Proving that an integral is differentiable

Question

Given an open interval $I\subset\mathbb{R}$, $ i_0\in I$, and $f:I\times\mathbb{R} \rightarrow\mathbb{R}$ such that

1. For all $i\in\mathbb{R}:y\mapsto f(i,y)$ is integrable

2. For all $y \in \mathbb{R}$ the partial derivative $\frac{\partial f}{\partial i}(i_0,y)$ exists and

3. T.e. a neighbourhood $V$ of $i_0$ and an integrable function $h:\mathbb{R}\rightarrow\mathbb{R}$ s.t. for all $i \in V\cap I, i\neq i_0$ and for all $y\in\mathbb{R}$ we have $\frac{f(i,y)-f(i_0,y)}{i-i_0}\le h(y)$

I want to prove that $$F:I\rightarrow\mathbb{R}, i\mapsto\int_{\mathbb{R}}f(i,y)dy$$ is differentiable at $i_0$ and that $$F'(i_0)=\int_{\mathbb{R}}\frac{\partial f}{\partial i}(i_0,y)dy$$

I know that for $F$ to be differentiable I have to prove that $$\lim_{i\rightarrow i_0}\frac{F(i)-F(i_0)}{i-i_0}$$ exists. If this turns out to be the expression from above, I'm done I think.
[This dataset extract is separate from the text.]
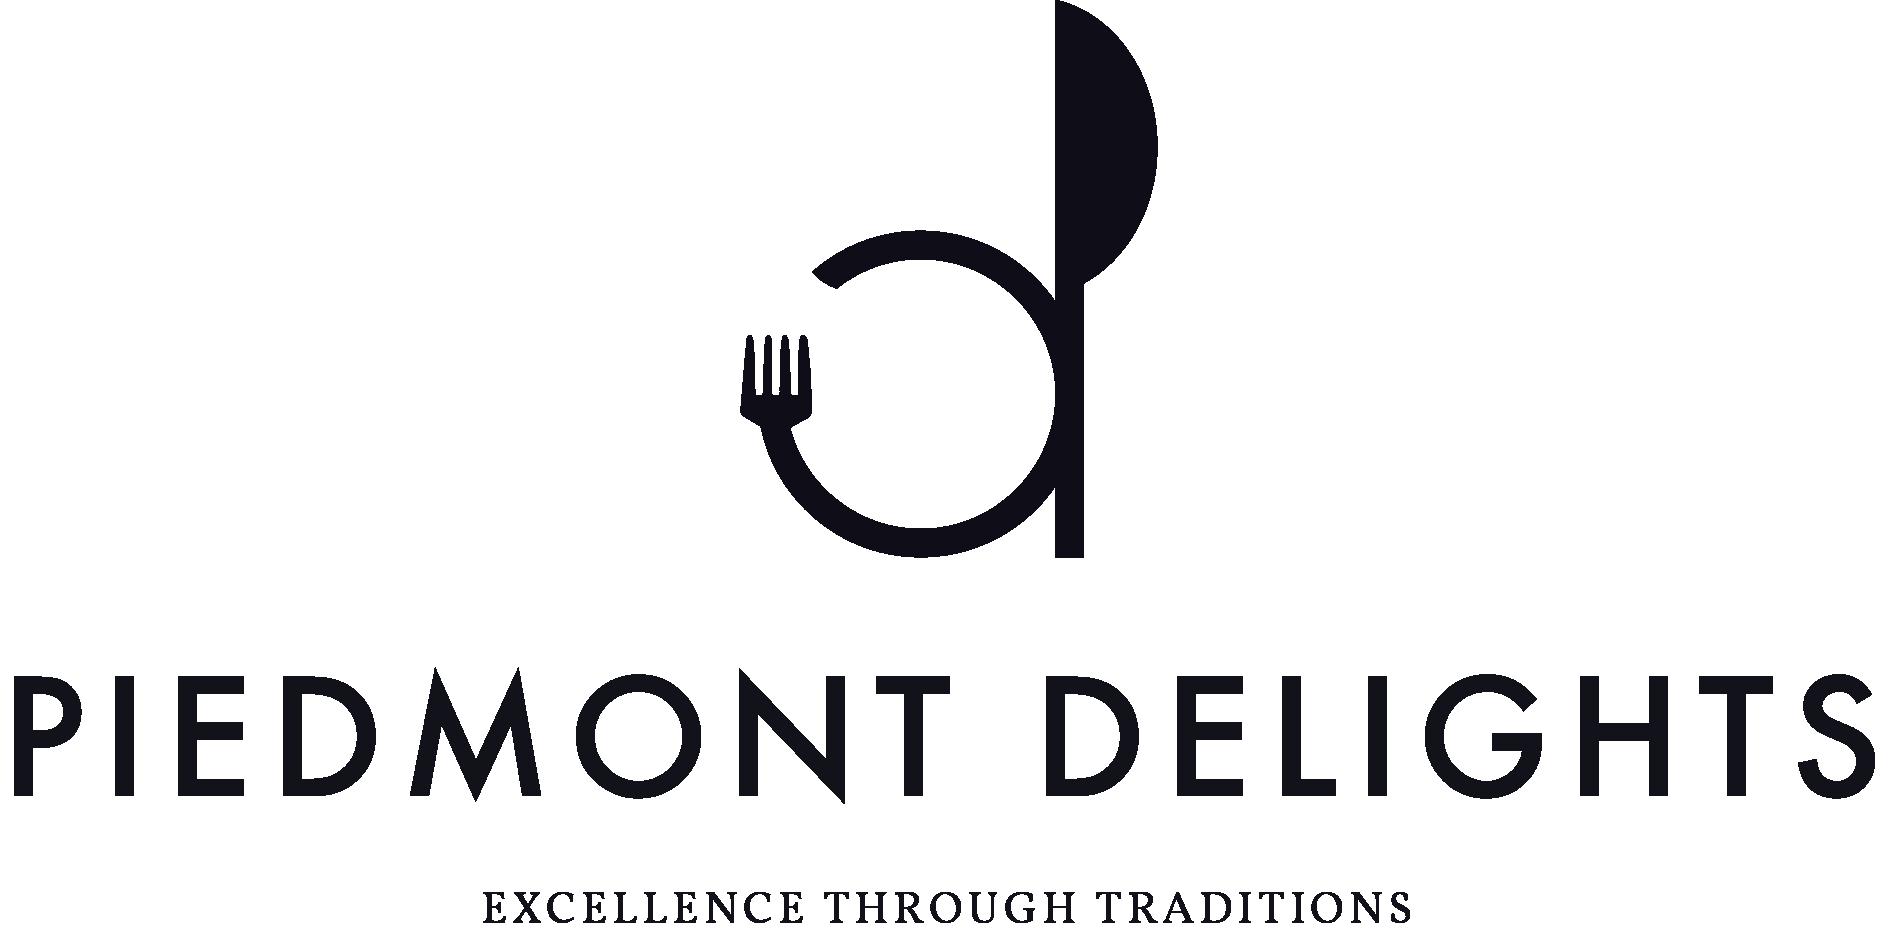 Piedmont Delights Logo
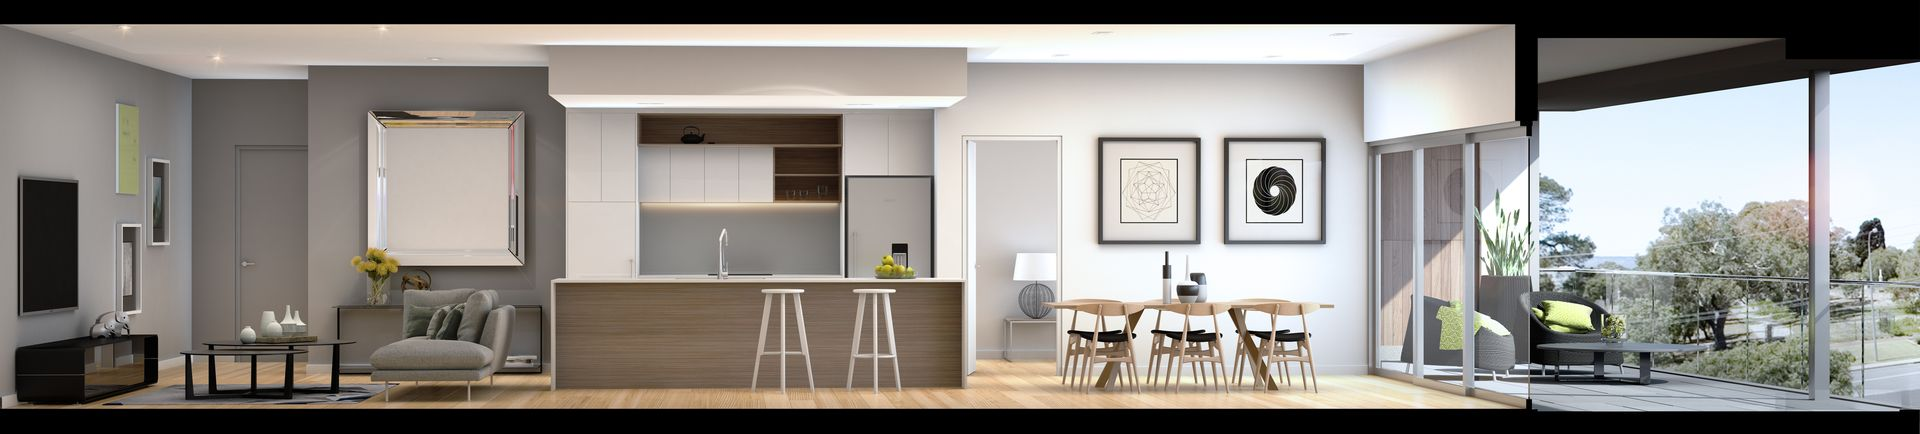 Level 1, 2/16 Wickham Street, East Perth WA 6004, Image 1

So at the outset I have $$\frac{F(i)-F(i_0)}{i-i_0}=\frac{\int_{\mathbb{R}}f(i,y)dy-\int_{\mathbb{R}}f(i_0,y)dy}{i-i_0}=\frac{\int_{\mathbb{R}}(f(i,y)-f(i_0,y))dy}{i-i_0}$$

What do I do next?

Answer 1

Fix an $i \in I$ and define the function

$$u(y,h) := \begin{cases} \frac{f(y,i+h) - f(y,i)}{h}, & \text{if } h \ne 0 \\\\ \frac{\partial f}{\partial i}(y,i), & \text{if } h = 0 \end{cases}$$

From our conditions, this function is well defined for almost all $y \in \mathbb{R}$ and since the partial derivative exists, $i \mapsto u(y,i)$ is continuous on $I$ for almost all $y \in I$. Also, $i \mapsto f(y,i)$ is continuously differentiable, so the mean value theorem implies the existence of a $c \in I$ with $\lvert c - i \rvert < \lvert h \rvert$ such that

\begin{align} u(x,h) &= \frac{f(y,i+h) - f(y,i)}{h} \\ &= \frac{\partial f}{\partial c} (y,c) \end{align}

Hence, by assumption

\begin{align} \lvert u(x,h) \rvert &= \bigg \lvert \frac{\partial f}{\partial c} (y,c) \bigg \rvert \\ &\le g(y) \end{align}

(I used $g(y)$ not $h(y)$ to differentiate the function from the step size $h$) for almost all $y \in \mathbb{R}$ and all $h \in \mathbb{R}$ with $i + h \in I$. So the requisite assumptions are satisfied and so

\begin{align} F'(i) &= \lim_{h \to 0} \frac{F(i+h) - F(i)}{h} \\ &= \lim_{h \to 0} \int_{\mathbb{R}} u(x,h) dy \\ &=\int_{\mathbb{R}} u(y,0) dy \\ &= \int_{\mathbb{R}} \frac{\partial f}{\partial i} (y,i) dy \end{align}

Answer 2

Fix an $i \in \mathbb{R}$ and define the function

$$u(y,h) := \begin{cases} \frac{f(y,i+h) - f(y,i)}{h}, & \text{if } h > \ne 0 \\\\ \frac{\partial f}{\partial i}(y,i), & \text{if } h = 0 > \end{cases}$$

From our conditions, this function is well defined for almost all $y > \in \mathbb{R}$ and since the partial derivative exists, $i \mapsto > u(y,i)$ is continuous on $I$ for almost all $y \in I$. Also, $i > \mapsto f(y,i)$ is continuously differentiable, so the mean value theorem implies the existence of a $c \in I$ with $\lvert c - i \rvert > < \lvert h \rvert$ such that

-> the opening post was f(i,y), does it mean $y \in R$, doesn't it? and the variable h is equivalent to which one I saw in your post they are all f(y,i), but in the opening post was f(i,y)

\begin{align} u(x,h) &= \frac{f(y,i+h) - f(y,i)}{h} \\ &= \frac{\partial f}{\partial c} (y,c) \end{align}

Hence, by assumption

\begin{align} \lvert u(x,h) \rvert &= \bigg \lvert \frac{\partial f}{\partial c} (y,c) \bigg \rvert \\ &\le g(y) \end{align}

(I used $g(y)$ not $h(y)$ to differentiate the function from the step size $h$) for almost all $y \in \mathbb{R}$ and all $h \in \mathbb{R}$ with $i + h \in I$. So the requisite assumptions are satisfied and so

\begin{align} F'(i) &= \lim_{h \to 0} \frac{F(i+h) - F(i)}{h} \\ &= \lim_{h \to 0} \int_{\mathbb{R}} u(x,h) dy \\ &=\int_{\mathbb{R}} u(y,0) dy \\ &= \int_{\mathbb{R}} \frac{\partial f}{\partial i} (y,i) dy \end{align}

and what happens to i_0?